The legal and accounting expenses of $ 31,724 in 1999 were related
primarily to litigation costs resulting from claims of a prior line of business,
which should decrease significantly after 2000. However, legal and accounting
expenses of $ 67,321 in 2000, primarily associated with becoming registered with
the Commission under the Securities Exchange Act of 1934, will offset expected
savings of legal costs in the litigation area to some extent.
Continuing losses are expected until the commercialization of OPS products
is completed which is expected to occur in the first three quarters of 2000. We
can't predict with certainty the final date for product development to be
completed or the start of production against specific orders from customers.

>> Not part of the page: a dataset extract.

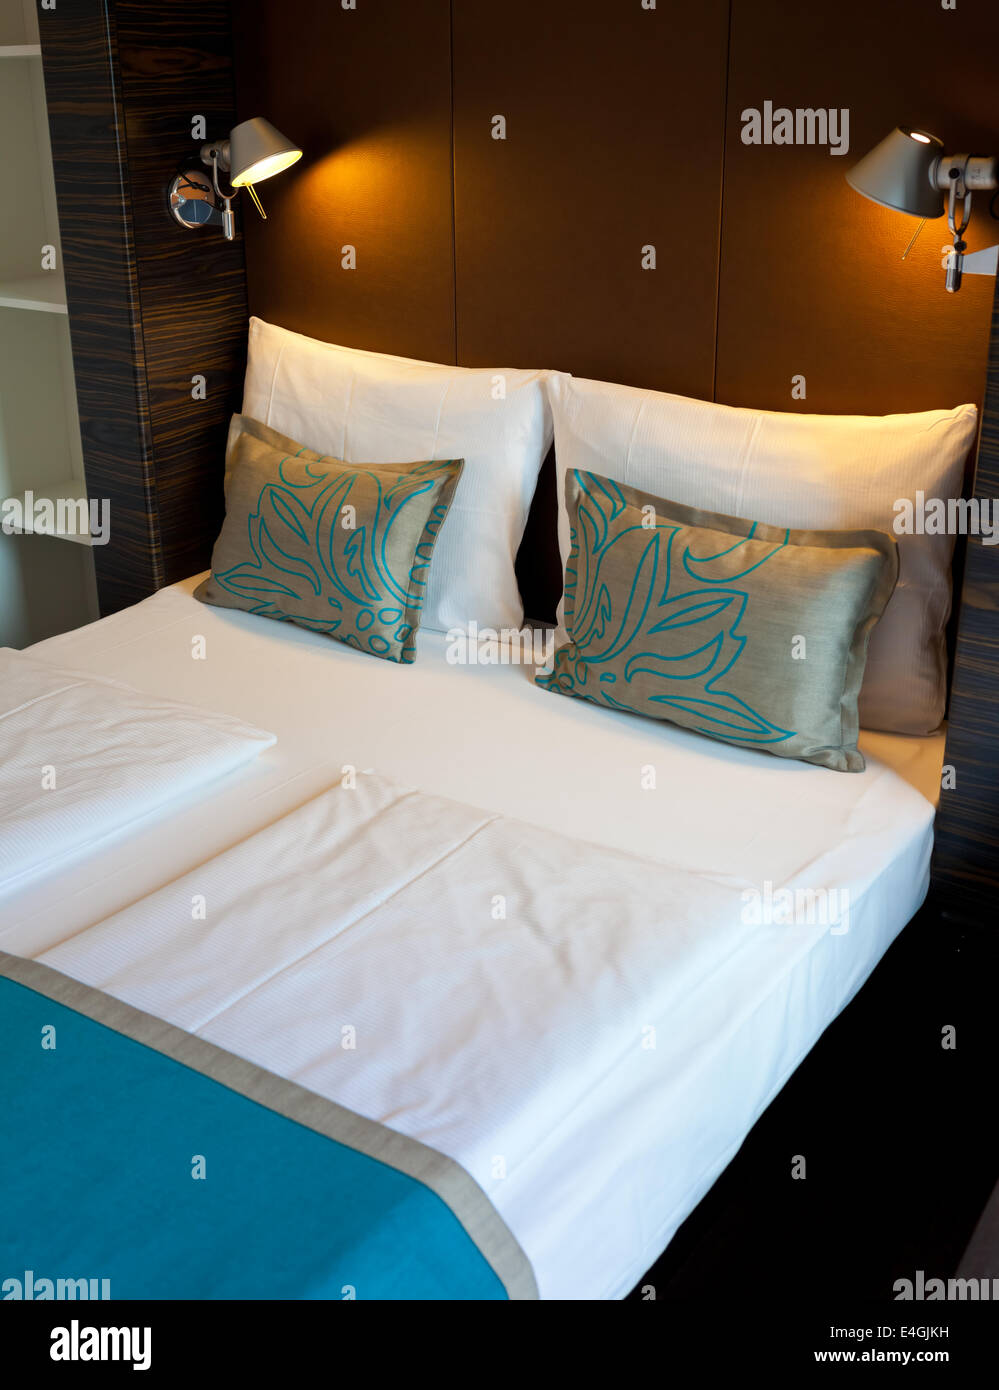 Cama doble en la habitación del hotel con luz suave Foto de stock

Operating losses will continue to occur until the revenue stream is established.
In this context, commercialization will mean sales orders are signed and
sufficiently performed to be profitable. At the present time there are no signed
orders in hand.
Administrative and development costs and other expenses will increase in
2000 as additional staff is hired and we expand our facilities. Research and
development costs will probably continue to increase as a result of the
acceleration of the program for releasing new products.
LIQUIDITY AND CAPITAL RESOURCES. Additional working capital was obtained by
private equity offerings in 1999 resulting in cash and certificates of deposit
totaling $4,796,672 and $5,041,367 at March 31, 2000 and December 31, 1999
respectively. Proceeds from these equity financings will allow us to meet our
obligations in a timely manner in 2000, as our working capital at March 31, 2000
was $ 3,896,249.
We do not foresee the need for additional financing in 2000 at this time
unless start up orders require added up-front funding to secure raw materials,
fund work in process and provide capital for operating cycles in excess of our
present cash needs projections. By contracting with Saturn Electronics and
Engineering, Inc. to manufacture our products for us on a "turn-key" basis,
there should not be a greater than anticipated need for additional financing.
15
<PAGE>
PLAN OF OPERATIONS
In 2000 we intend to speed up the commercialization process for OPS
technology. The development of marketable product lines for OPS will have a
direct and significant impact on revenues and earnings in the future. Most of
our resources will be devoted to support OPS' research and development and
marketing efforts, tailoring OPS products to the specific configurations of
customers' needs, and to obtaining contracts and setting up production lines
(working out the protocols for parts inventory and other matters with third-
party manufacturers). These activities will require substantial amounts of
additional capital.
The new OPS PFC Front End Module products and the new 500 Watt 48 Vdc power
supply product are expected to enter the market in the second quarter of 2000.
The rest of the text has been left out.